Write the records out exactly as they read, but not the pictures.

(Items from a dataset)
......

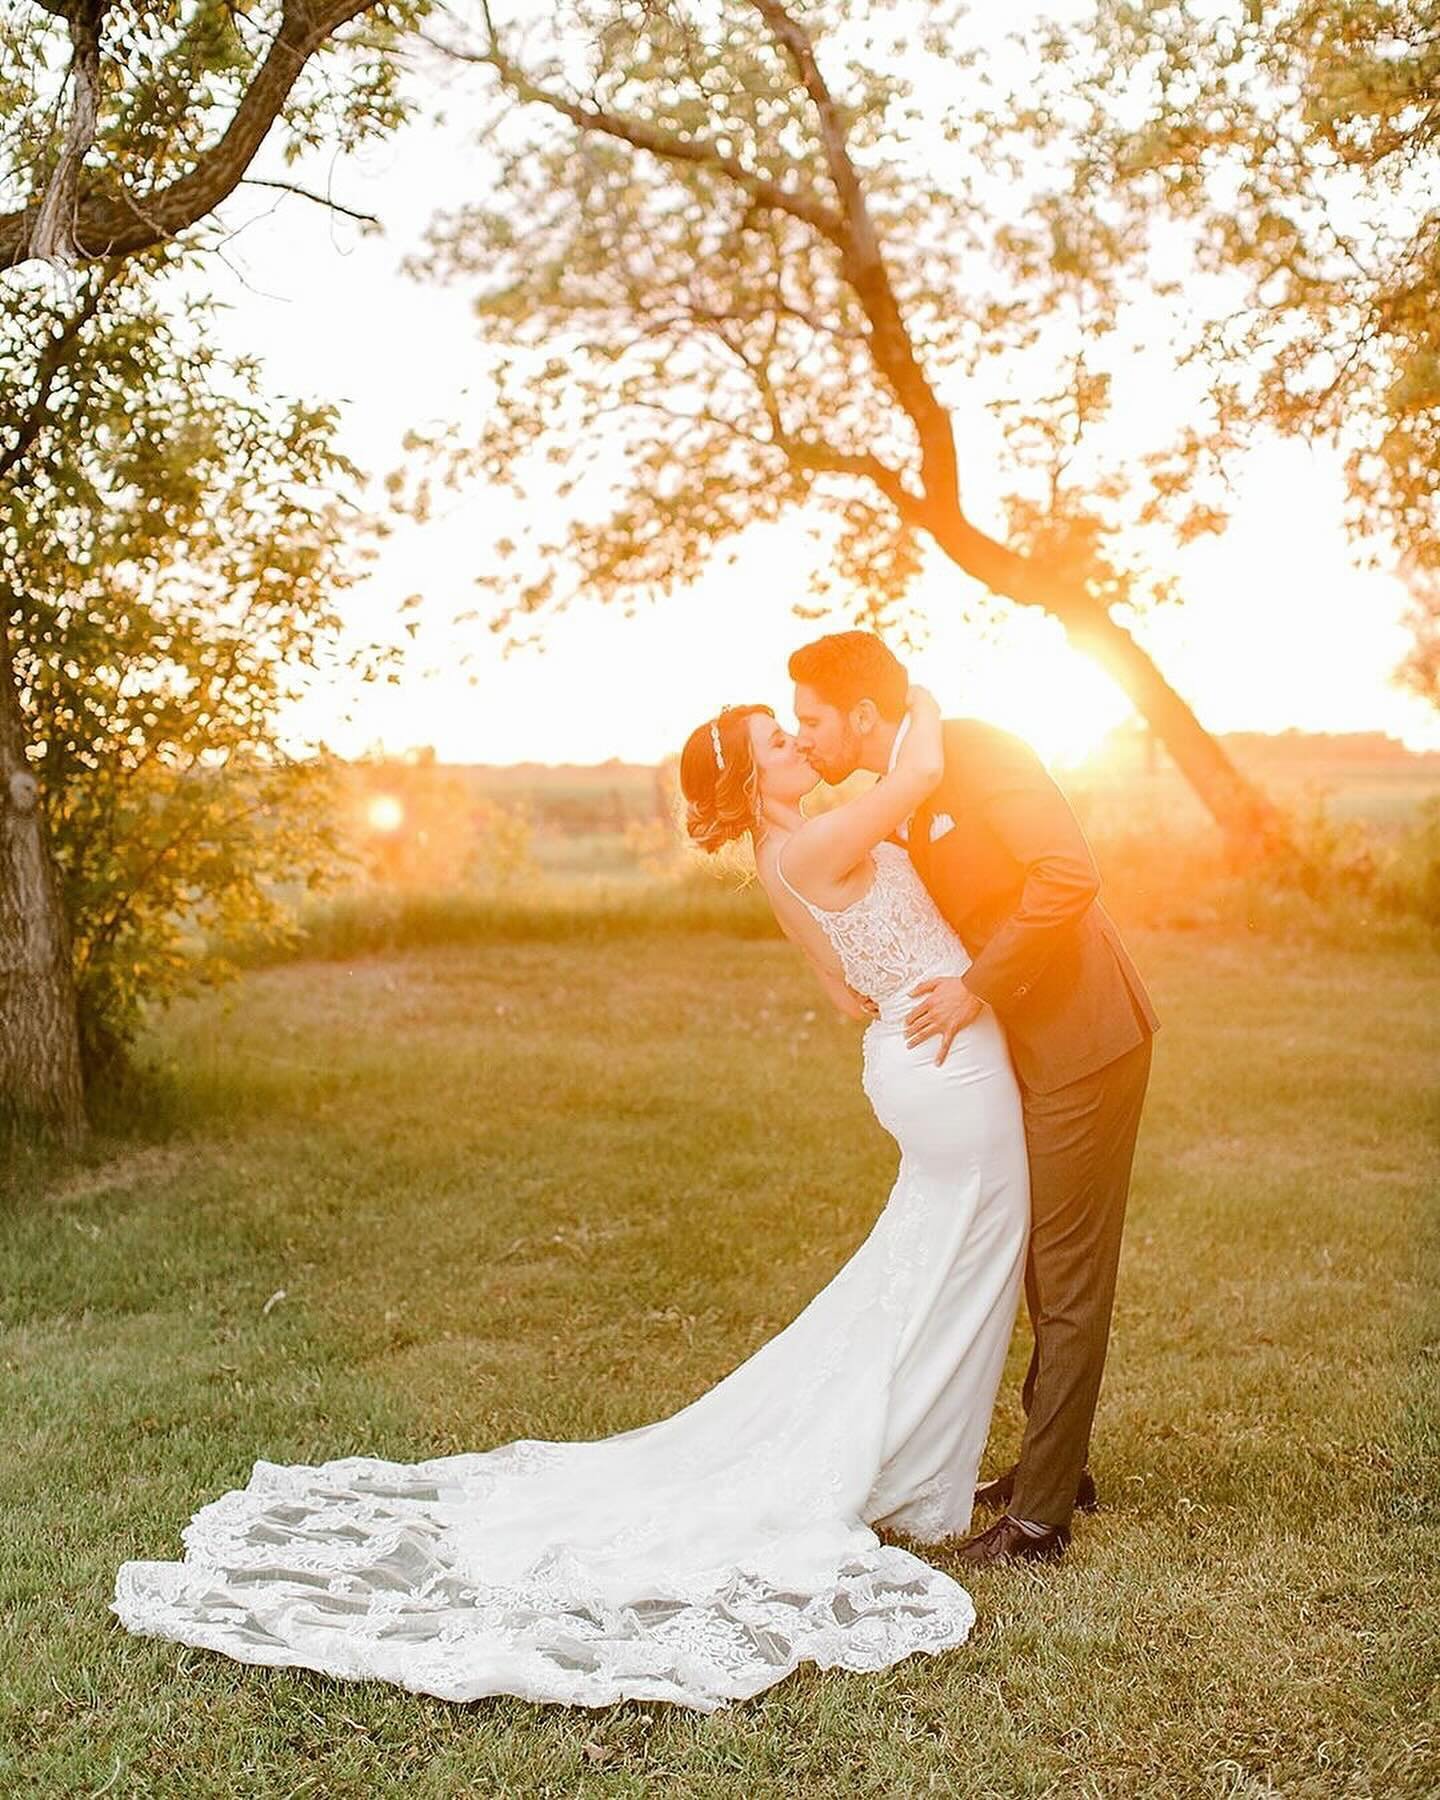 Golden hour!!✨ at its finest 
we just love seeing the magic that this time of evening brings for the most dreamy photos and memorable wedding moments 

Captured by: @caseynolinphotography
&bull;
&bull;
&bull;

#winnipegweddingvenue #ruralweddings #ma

......

**Output for this task**
 Golden hour!!✨ at its finest 
we just love seeing the magic that this time of evening brings for the most dreamy photos and memorable wedding moments 

Captured by: @caseynolinphotography
&bull;
&bull;
&bull;

#winnipegweddingvenue #ruralweddings #ma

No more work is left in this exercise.